** Opening Dataset content block **
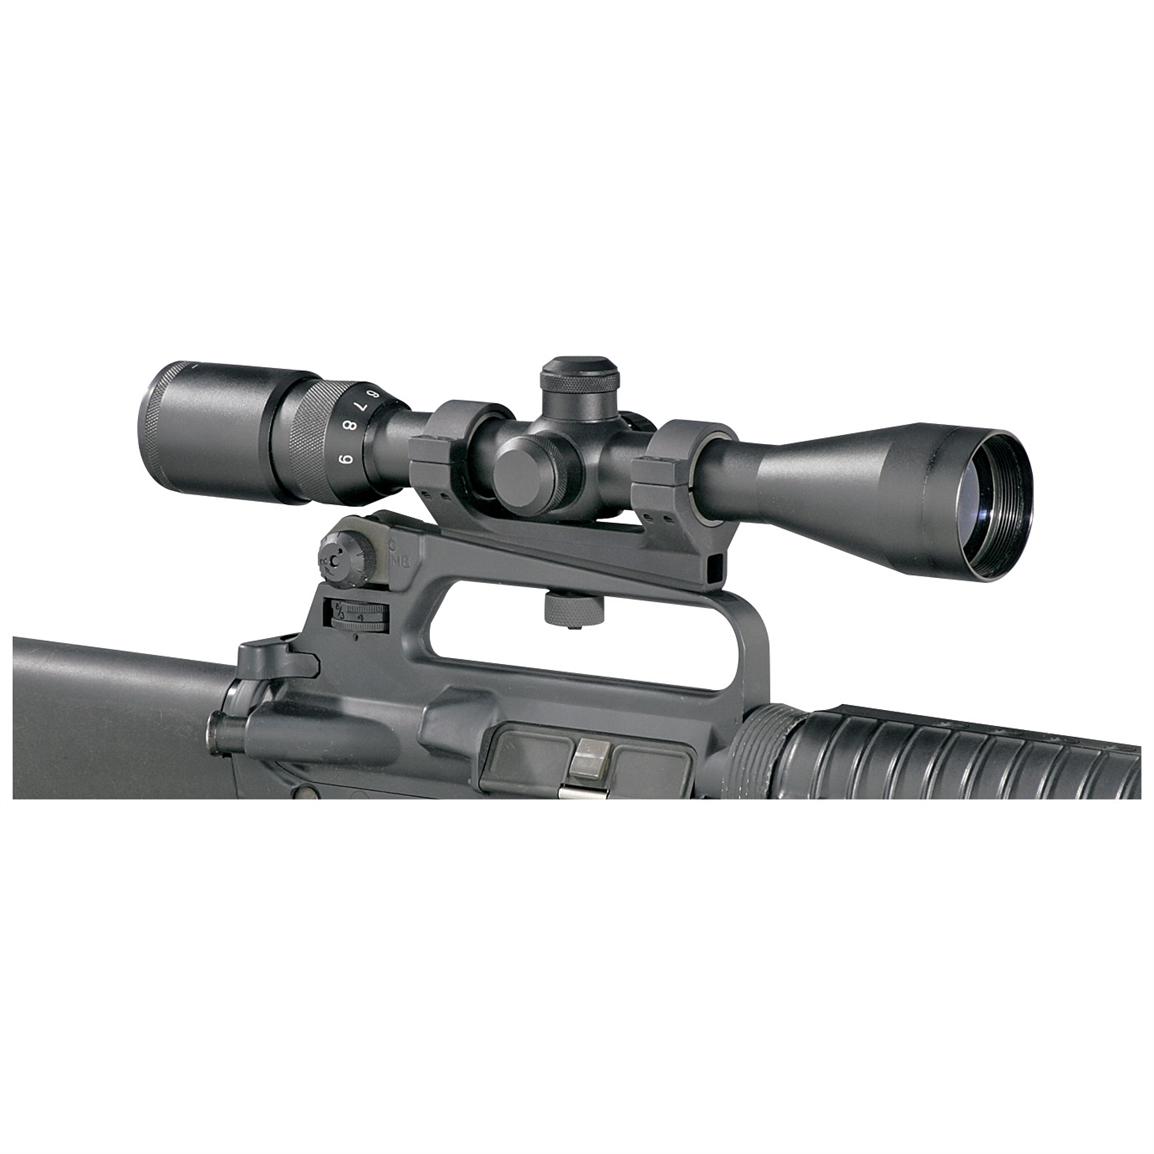 Colt® Ar 15m16 Carry Handle Scope Mount 105154 Tactical Rifle Accessories At Sportsmans Guide
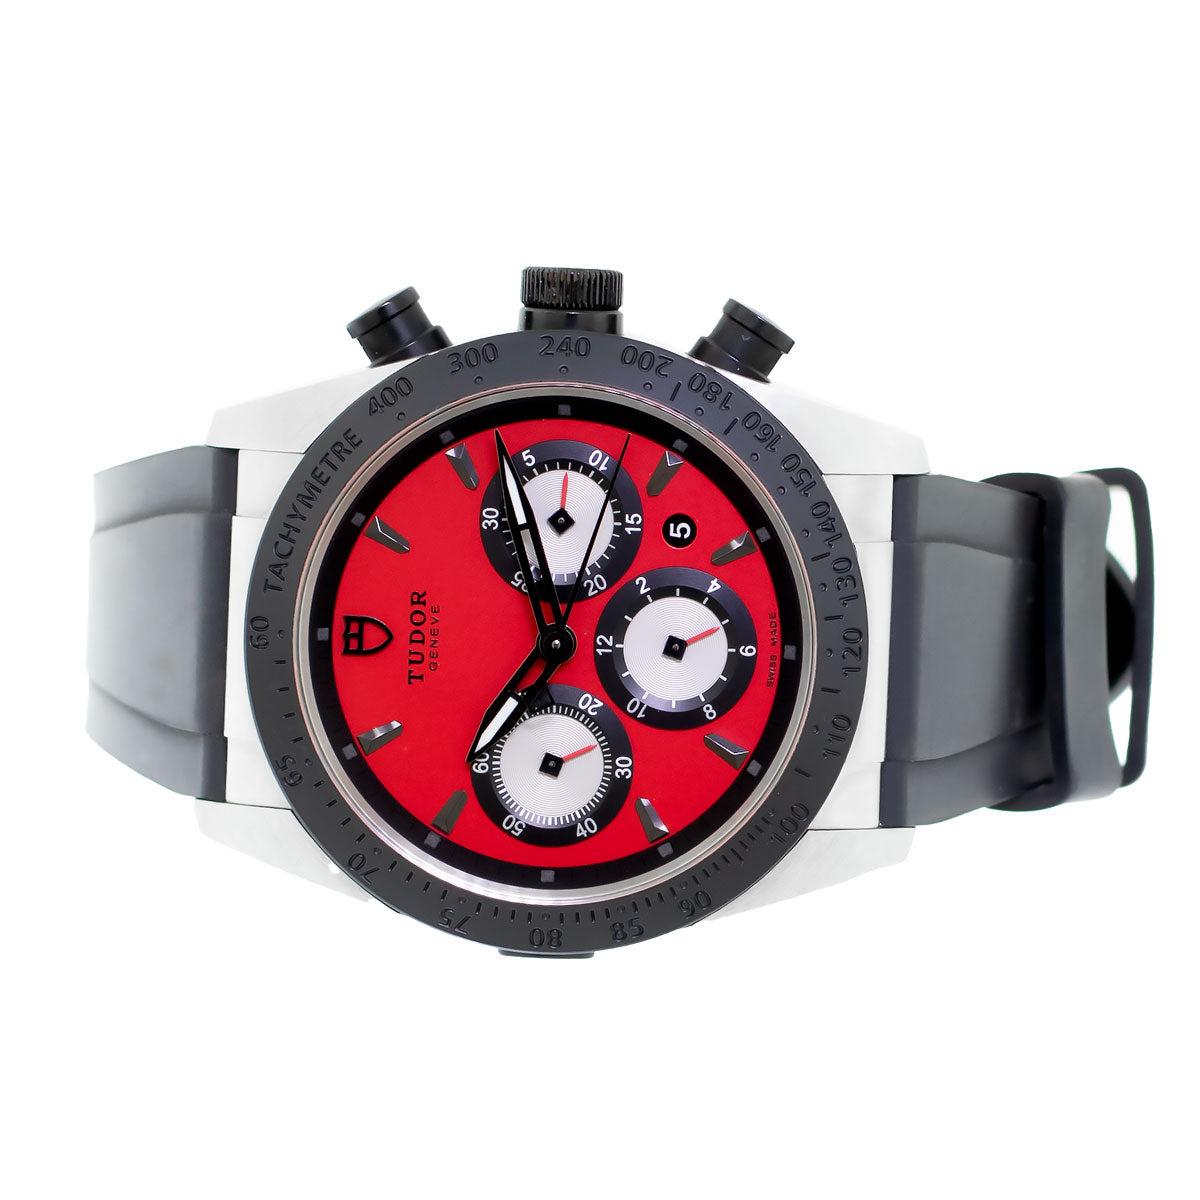 Tudor Fastrider Chronograph 42mm Stainless Steel Red Dial 42010N
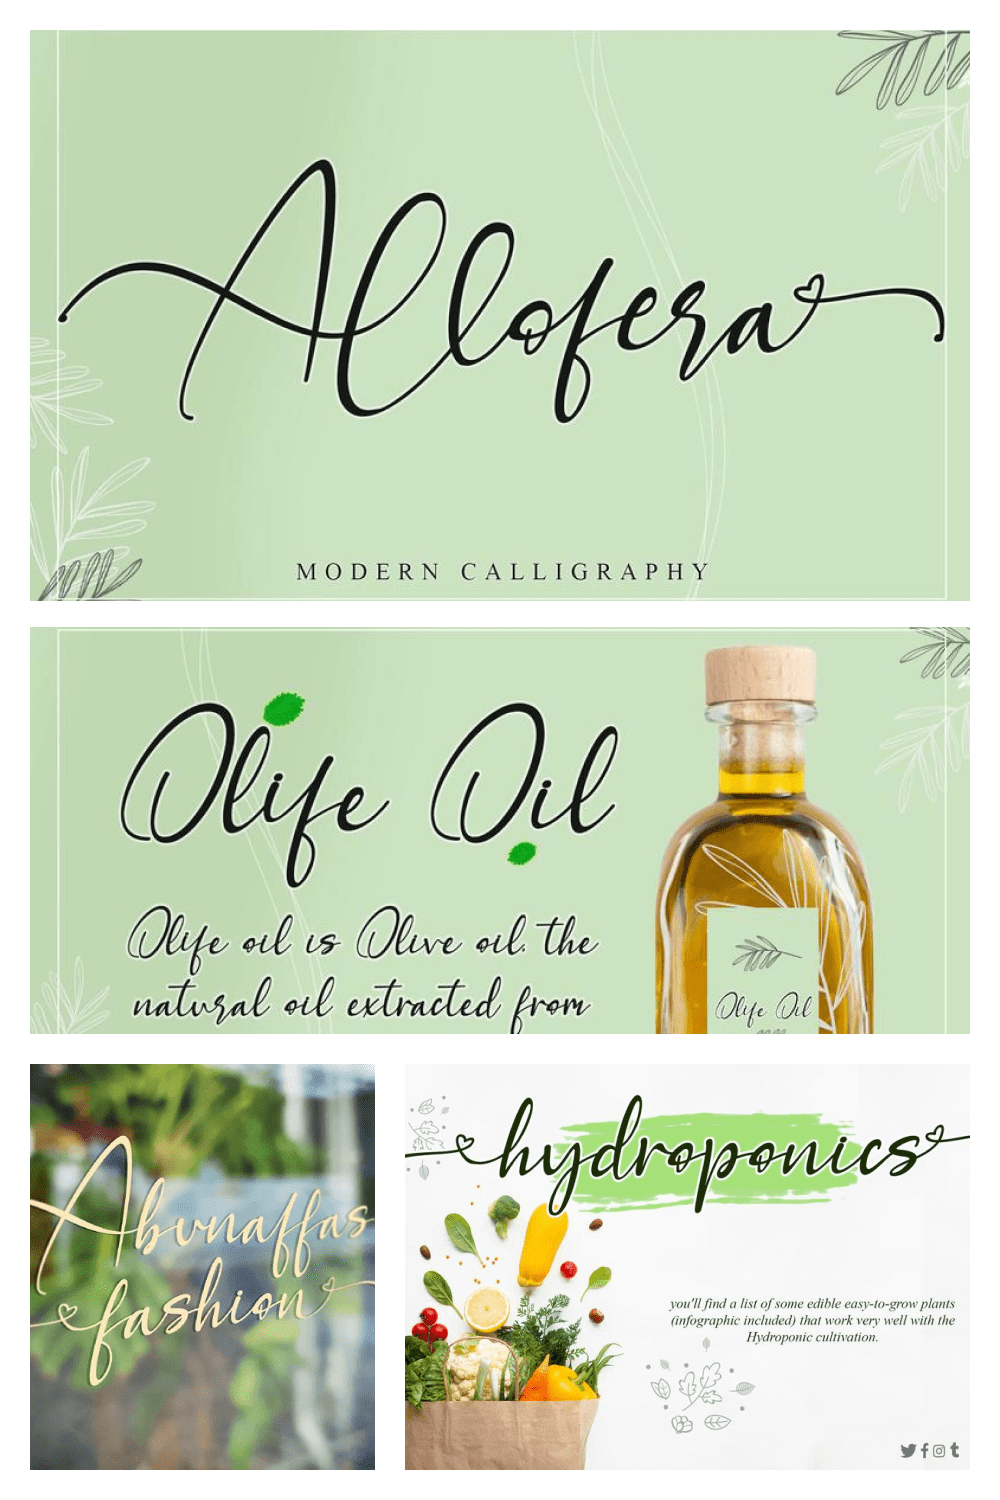 Allofera is a beautiful font designed with an incredibly modern feel.
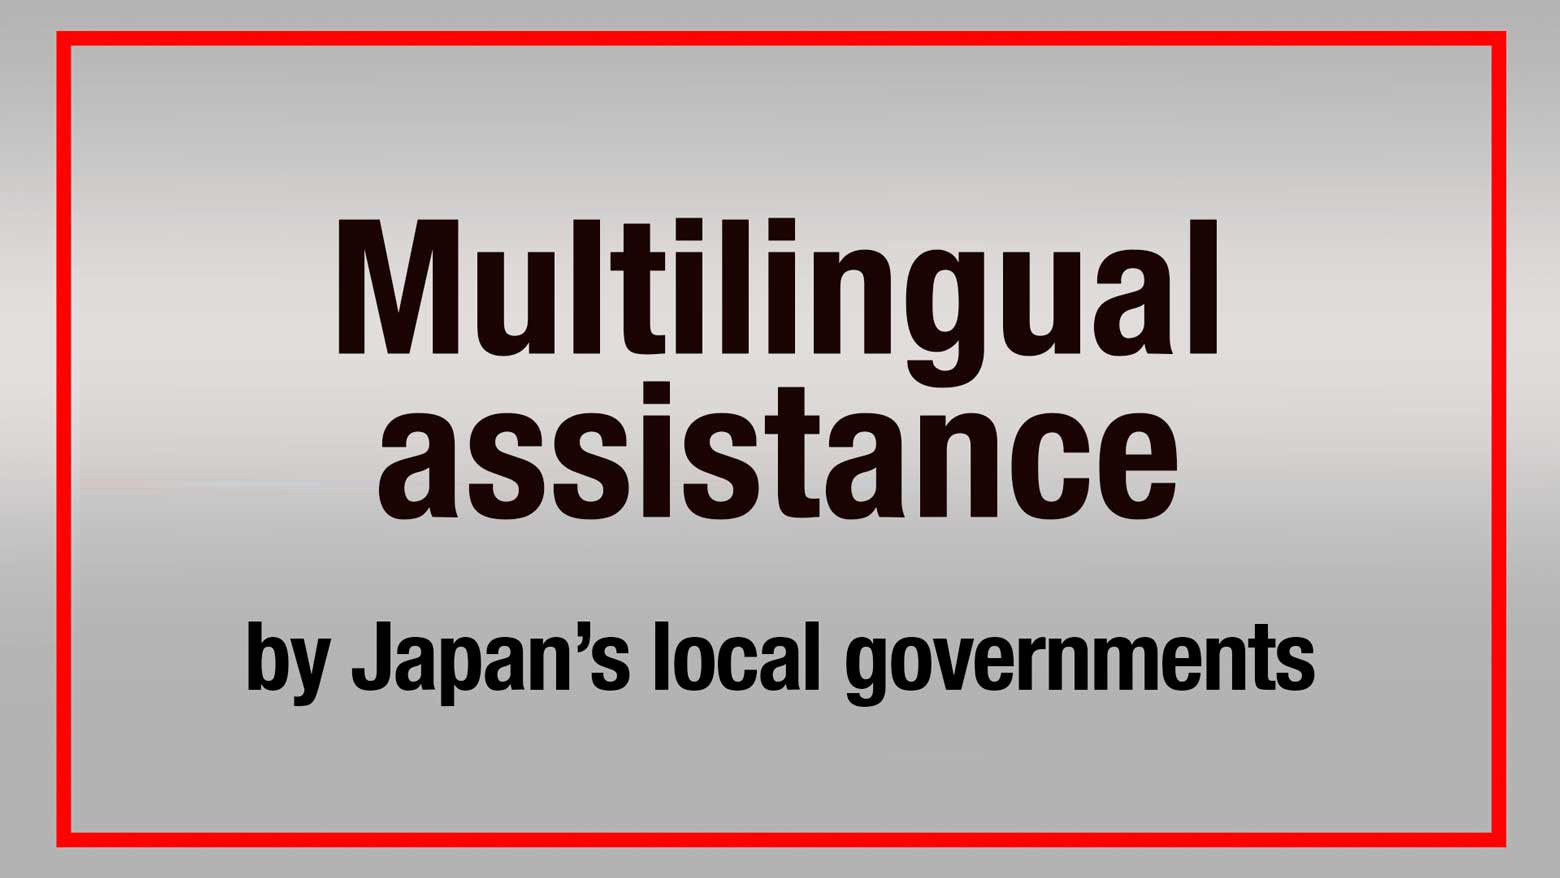 Multilingual information and services from Japan’s local governments
** Closing Dataset content block **
Activity: Drop the pictures and reproduce the rest of the data above exactly.

Task answer:
 Colt® Ar 15m16 Carry Handle Scope Mount 105154 Tactical Rifle Accessories At Sportsmans Guide
 Tudor Fastrider Chronograph 42mm Stainless Steel Red Dial 42010N
 Allofera is a beautiful font designed with an incredibly modern feel.
 Multilingual information and services from Japan’s local governments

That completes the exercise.